Avant le sport était juste une activité physique, il y avait le côté ludique. Aujourd’hui, le sport est un outil complémentaire à ma vie, il est source de partage, de rencontre, c’est un vecteur de connexions. La capoeira est un sport complet car c’est à la fois du physique mais c’est aussi de la musique, du chant, de l’histoire, de la culture, une philosophie, une langue (portugais), du combat, de la danse et surtout des échanges d’énergie.
Quels ont été ton meilleur et ton pire moment sportif ?
Mon meilleur moment fut lorsque j’étais au Brésil avant le championnat du monde de janvier 2020. J’ai passé deux semaines dans une ferme isolée sans internet, sans réseau et juste avec mon contra-mestre – la capoeira est enseignée dans des écoles spécialisées, appelées académies, où règne une hiérarchie très précise entre le Maître (o Mestre) et ses élèves. En dessous du Maître, il y a le contre-maître (contra-mestre ou mestrando), puis le professeur, l’instructeur et le moniteur (ou graduado).
Nous nous sommes entrainés deux à trois fois par jour avec un rythme particulier. On faisait principalement du technique avec beaucoup de répétitions de mouvements et de séquences de jeux. C’était deux semaines géniales car je me suis découverte.

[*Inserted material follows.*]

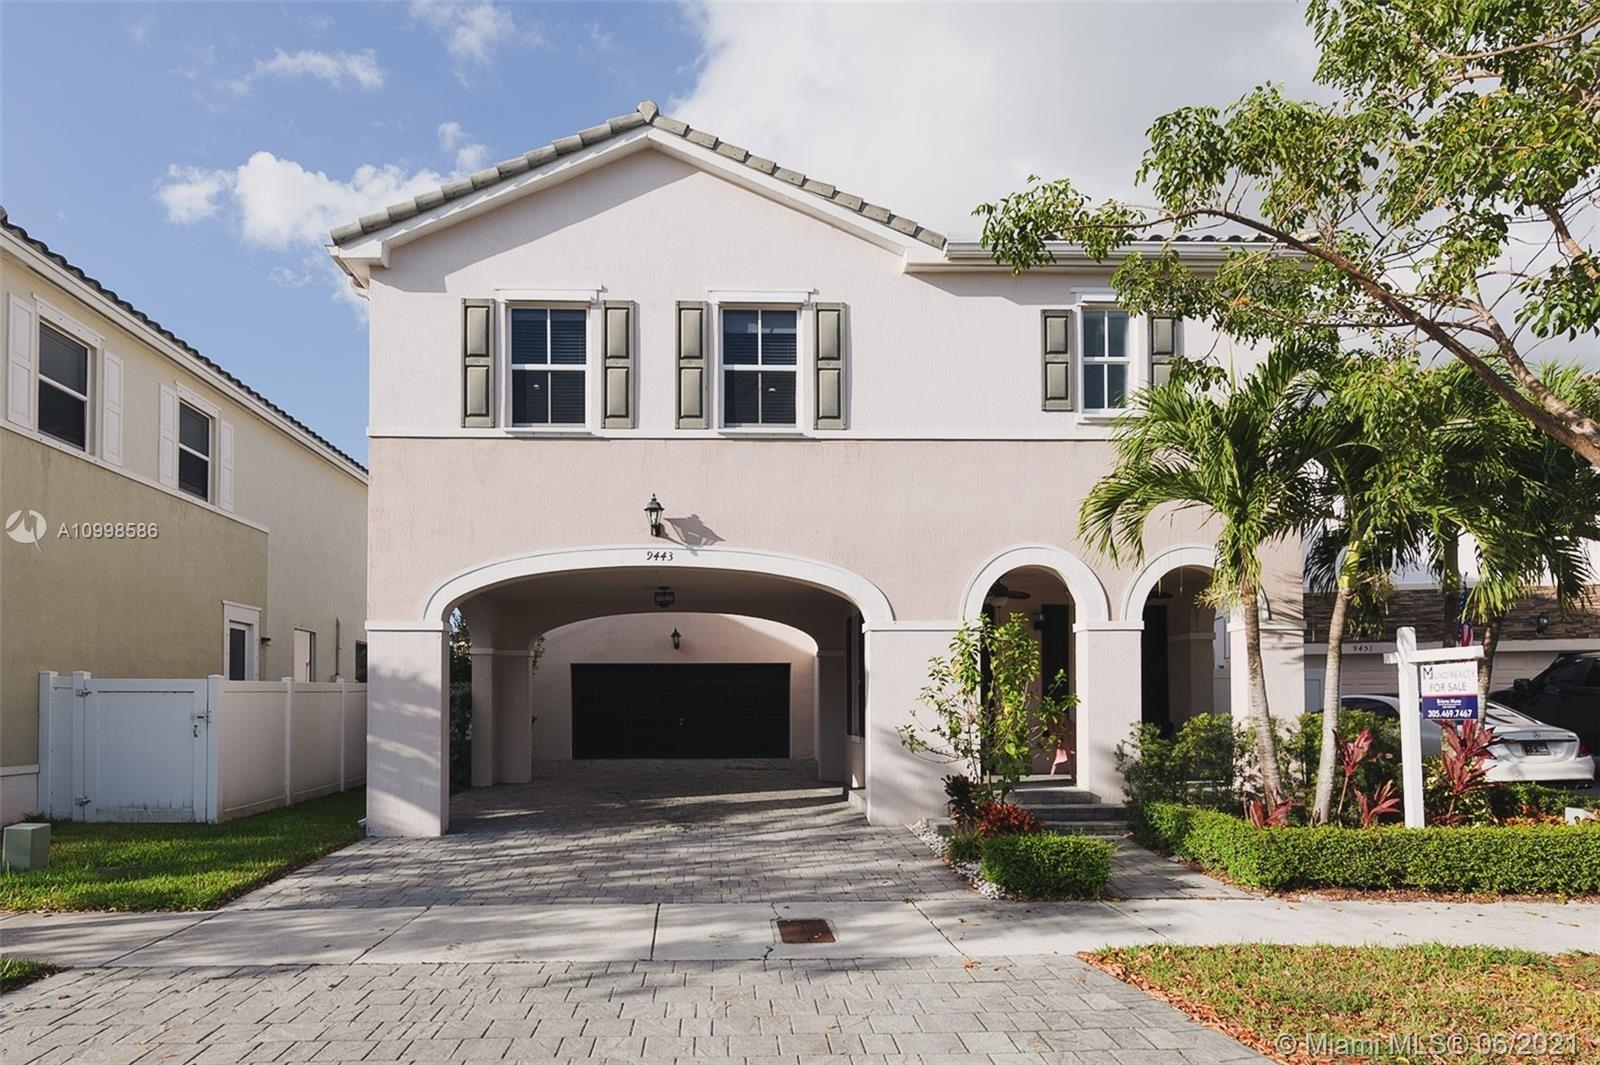 9443 SW 170th Path, Miami, FL 33196 - #: A10998586

J’étais déterminée et concentrée dans mon championnat qui avait lieu une semaine après. En plus j’avais mon contra-mestre avec moi qui me donnait tous les conseils dont j’avais besoin pour progresser. J’ai fait un énorme travail mental pendant ces deux semaines.

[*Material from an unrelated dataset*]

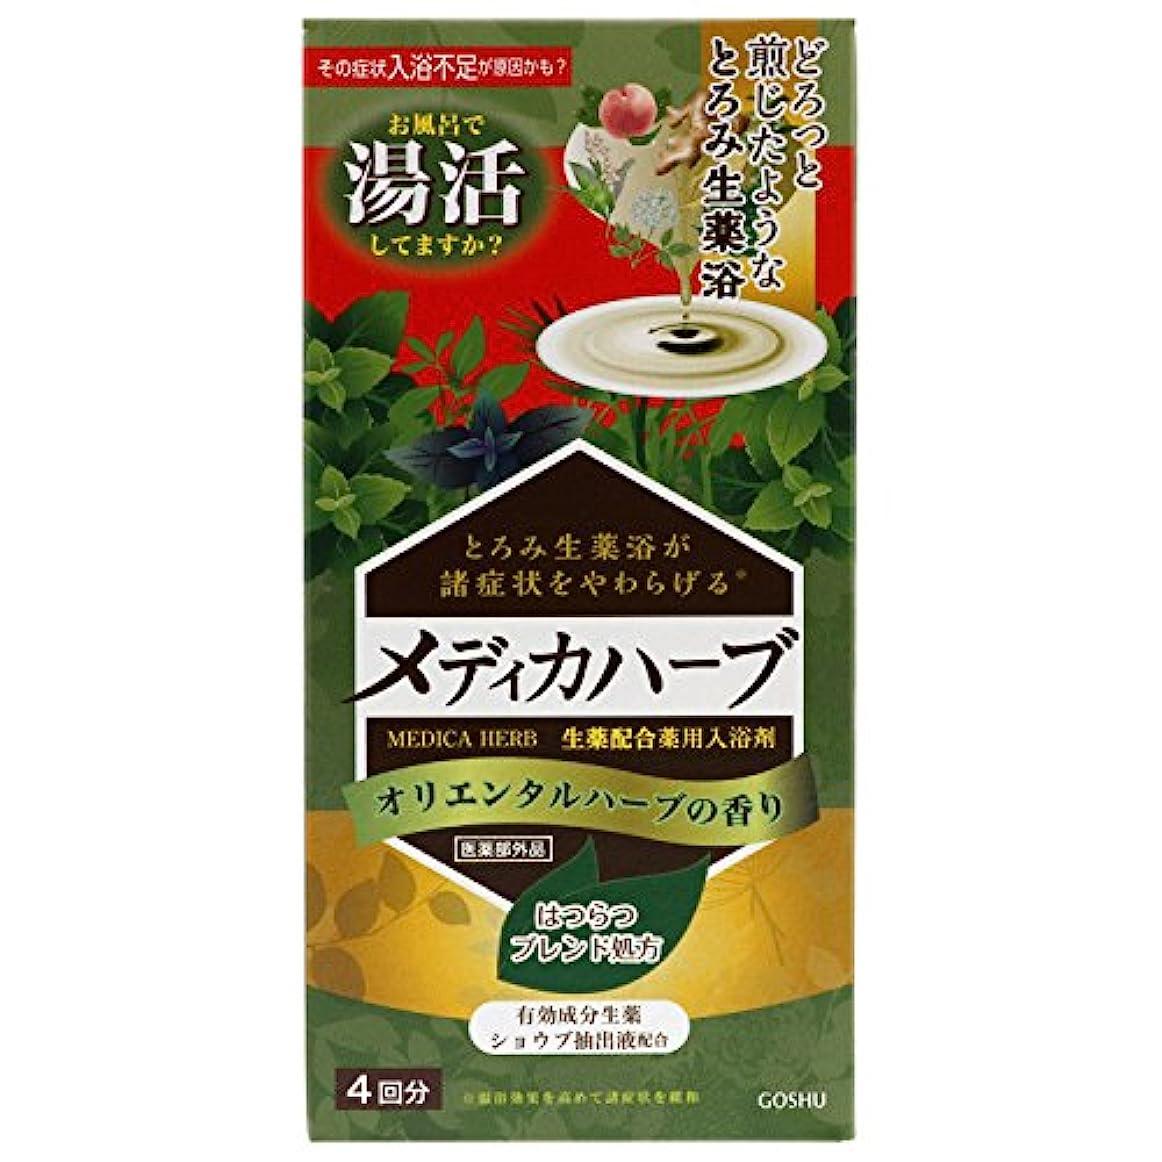 ドリンク高いシャベルメディカハーブ オリエンタルハーブの香り 4包(4回分) [医薬部外品]

Mon pire souvenir, c’est le jour où j’étais candidate pour passer ma première corde, on appelle ça le baptême. Ce n’est rien de religieux mais juste l’évènement qui signifie ton entrée dans la capoeira. Je m’étais entrainée une année avec 5-6 personnes dont le professeur. Le jour du baptême, il y avait plus de 200 personnes, je devais entrer dans la roda et jouer. J’ai fait une crise d’angoisse et je ne suis jamais revenue. Sauf deux ans plus tard, dans un autre groupe. Cette épreuve m’a mis une claque et m’a remise en question. Finalement il ne faut pas rester sur sa première impression. Ce n’est pas tant comment ça commence mais plutôt comment ça termine qui est important : tout est question d’évolution et je n’aurai pas fait ce chemin si j’étais restée sur ma peur et mon blocage.
Quel est ton prochain objectif ?
Ayant participé au mondial en janvier 2020, j’aimerais participer à des championnats internes et externes. Le prochain championnat est l’européen prévu en novembre 2020. Et à plus long terme, devenir professeure de capoeira.
En tant que femme a-t-il été plus ou moins difficile de commencer (et d’exercer) une activité physique par rapport à tes barrières, la société, le regard des autres ?
Oui totalement surtout que la capoeira est un sport très masculin. De plus en plus de femmes percent dans cet art mais nous sommes encore peu nombreuses. La hiérarchie dans ce sport est très importante et par exemple dans mon groupe nous avons seulement une femme qui est Mestre. Les autres femmes sont professeures. Entre le premier titre de mestre et le 3ème degré de professeur, il y a 3 degrés de contra-mestre ce qui fait un écart de 6 ans.
C’est donc difficile de monter en grade car le chemin est long. Trouver sa place n’est donc pas facile et cela demande du temps. Mon contra-mestre se démarque en cherchant à mettre en valeur et en avant les femmes capoeiristes de sa coordination.
Quel message pourrais-tu livrer aux femmes et aux jeunes filles ayant envie de faire du sport mais n’osant pas ou aux femmes qui se persuadent que le sport n’est pas fait pour elles ?
Osez faire du sport ! Ne vous arrêtez à ce que disent les autres. Faites-le pour vous, enlevez vos jugements et vos préjugés. En bougeant on apprend et pour moi c’est par le sport qu’on peut se découvrir autrement. Chaque chose en son temps, la patience est de rigueur mais avec la détermination et l’envie tout est possible.